YOUR ASSIGNMENT
Omit all pictures and transcribe only the lines in the entries below that run from the line with "Nutridrink protein, skogsbærsmak, Nutricia" through the line with "Boardman Oregon Souvenir".

DATA FOR ANALYSIS
——

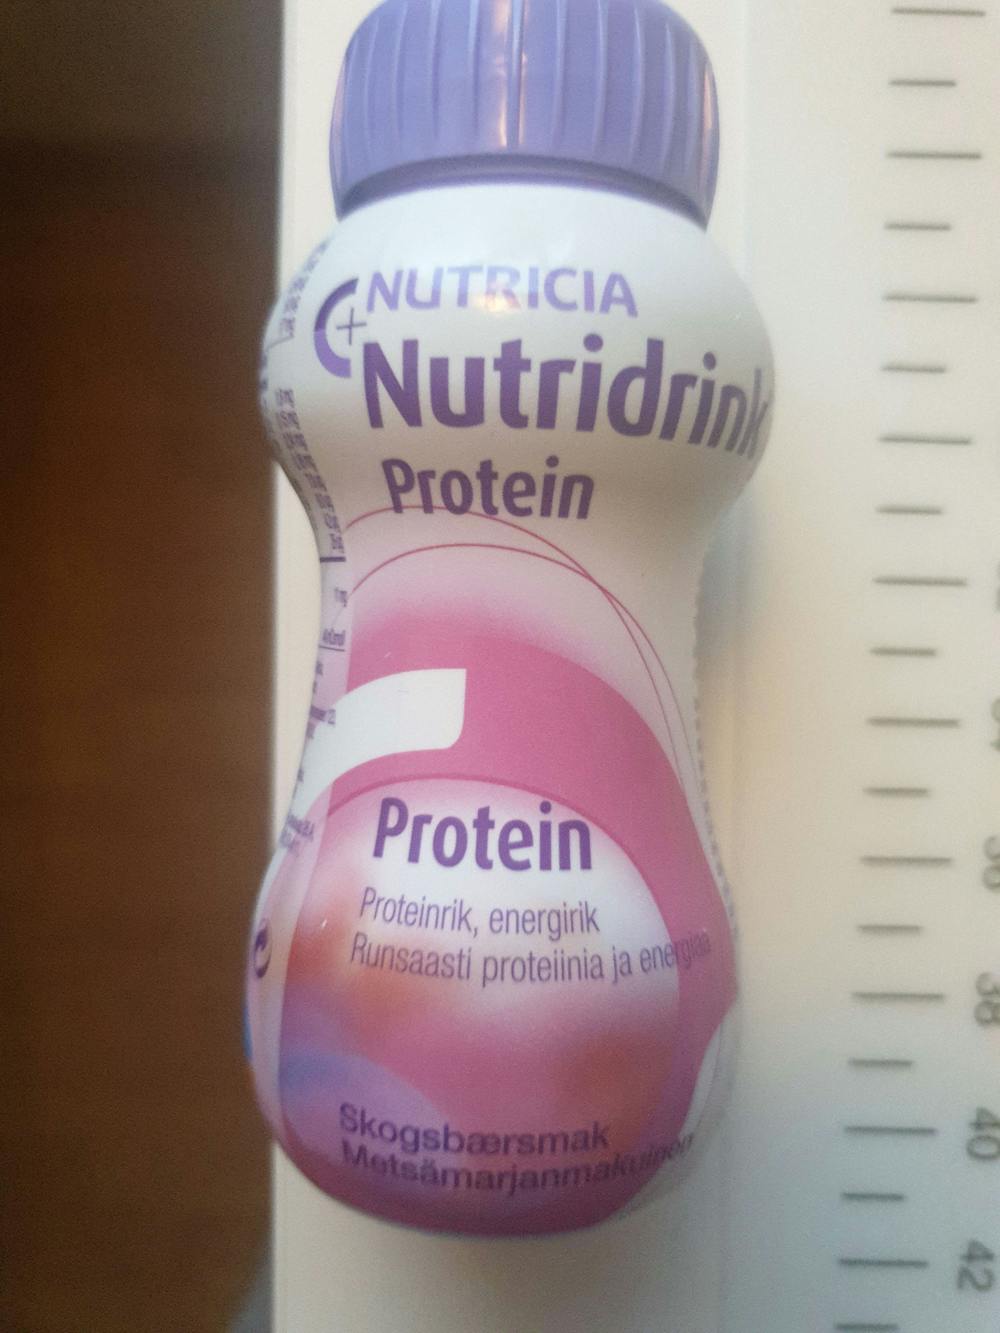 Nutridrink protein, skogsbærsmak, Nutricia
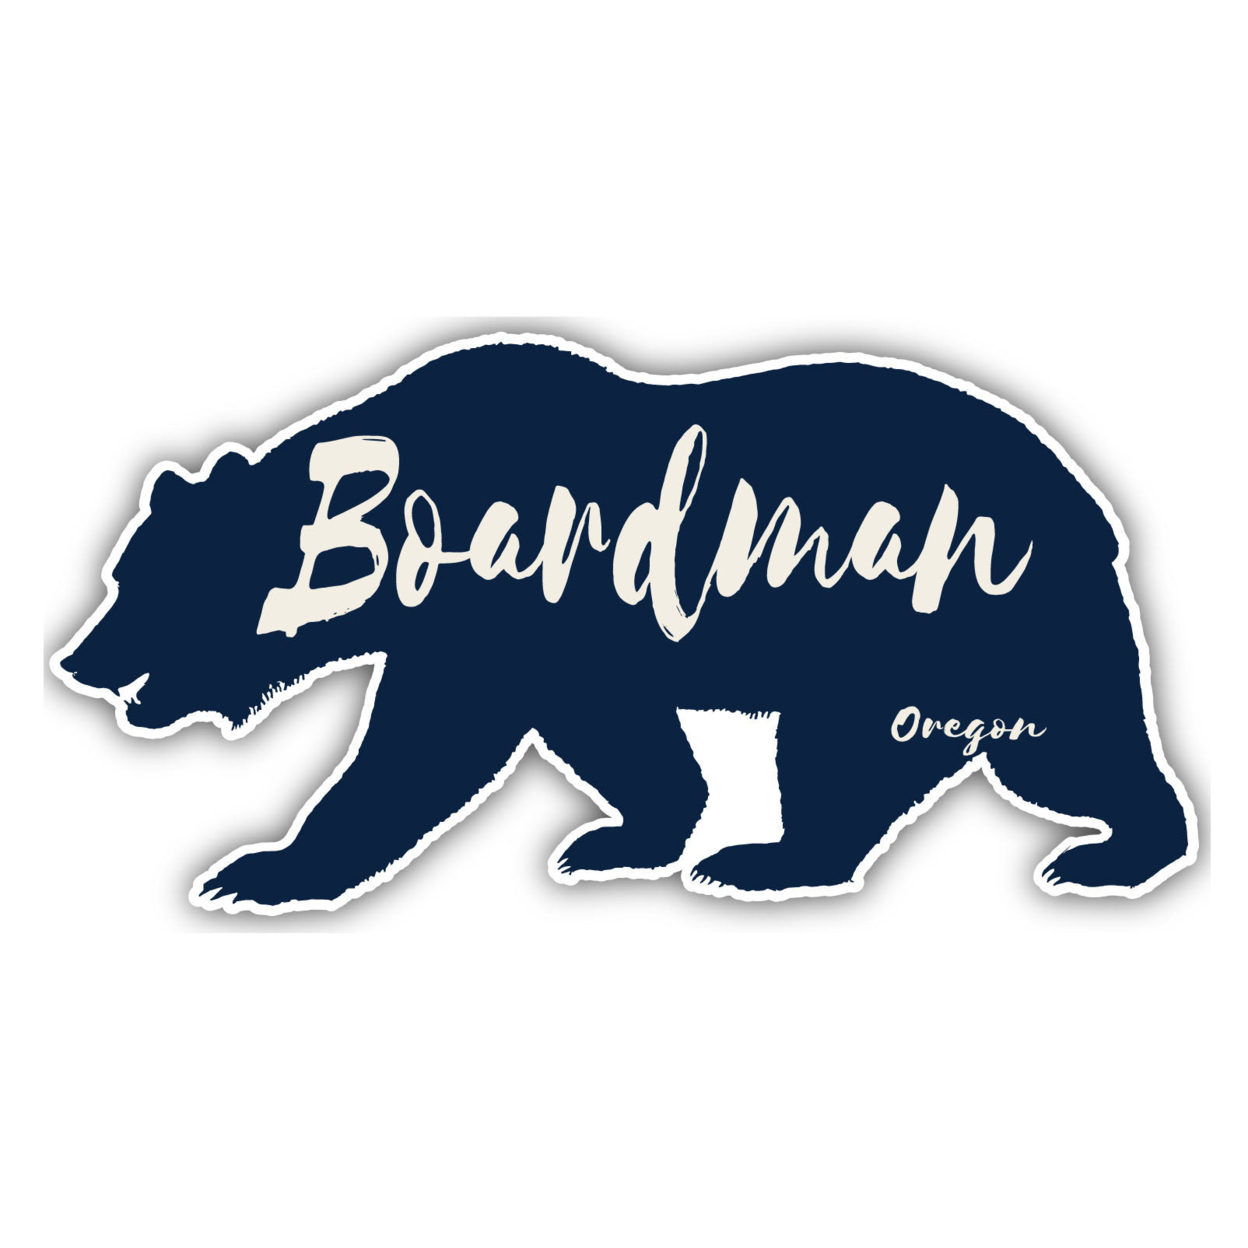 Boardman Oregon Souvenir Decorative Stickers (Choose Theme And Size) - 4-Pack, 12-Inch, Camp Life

——

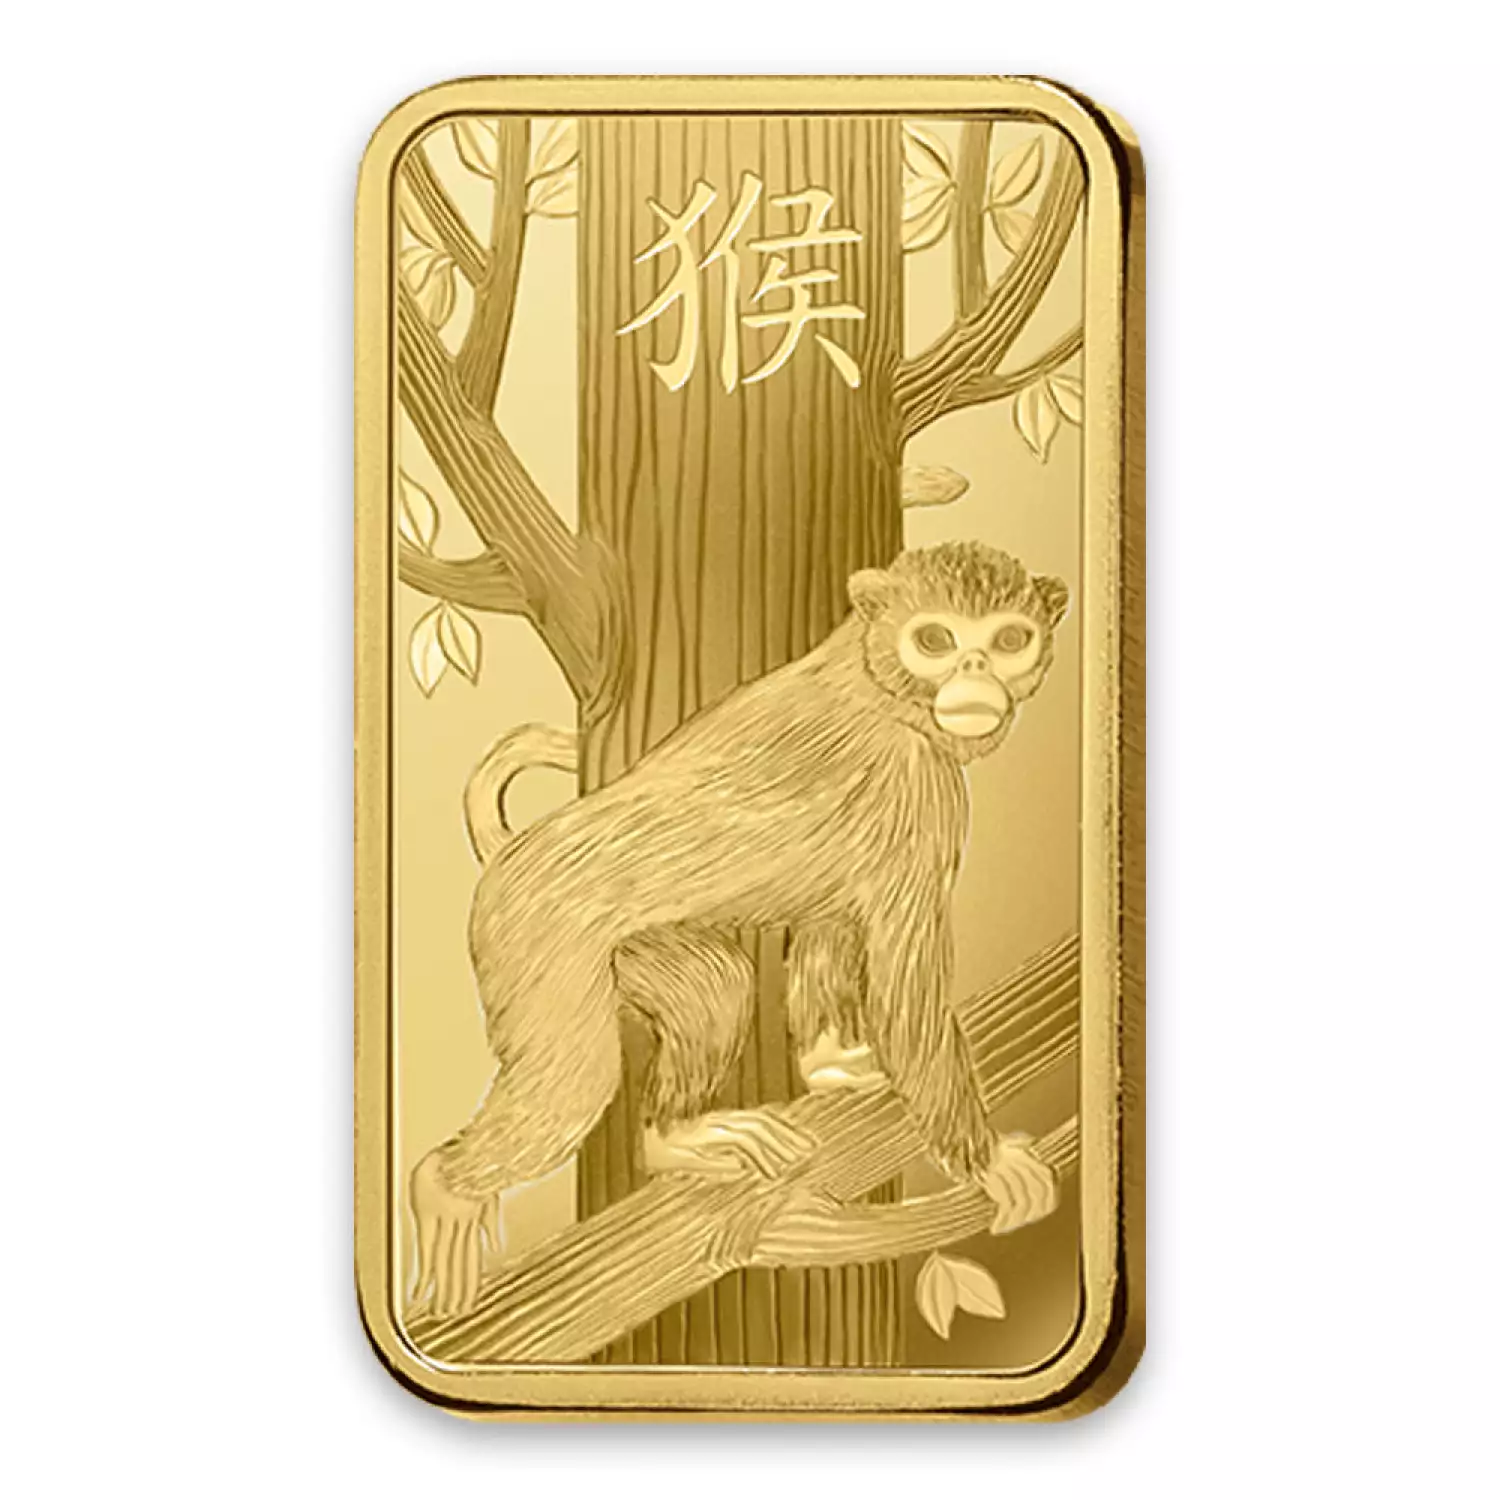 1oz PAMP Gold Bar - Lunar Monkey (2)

——

WORKED SOLUTION
 Nutridrink protein, skogsbærsmak, Nutricia
 Boardman Oregon Souvenir Decorative Stickers (Choose Theme And Size) - 4-Pack, 12-Inch, Camp Life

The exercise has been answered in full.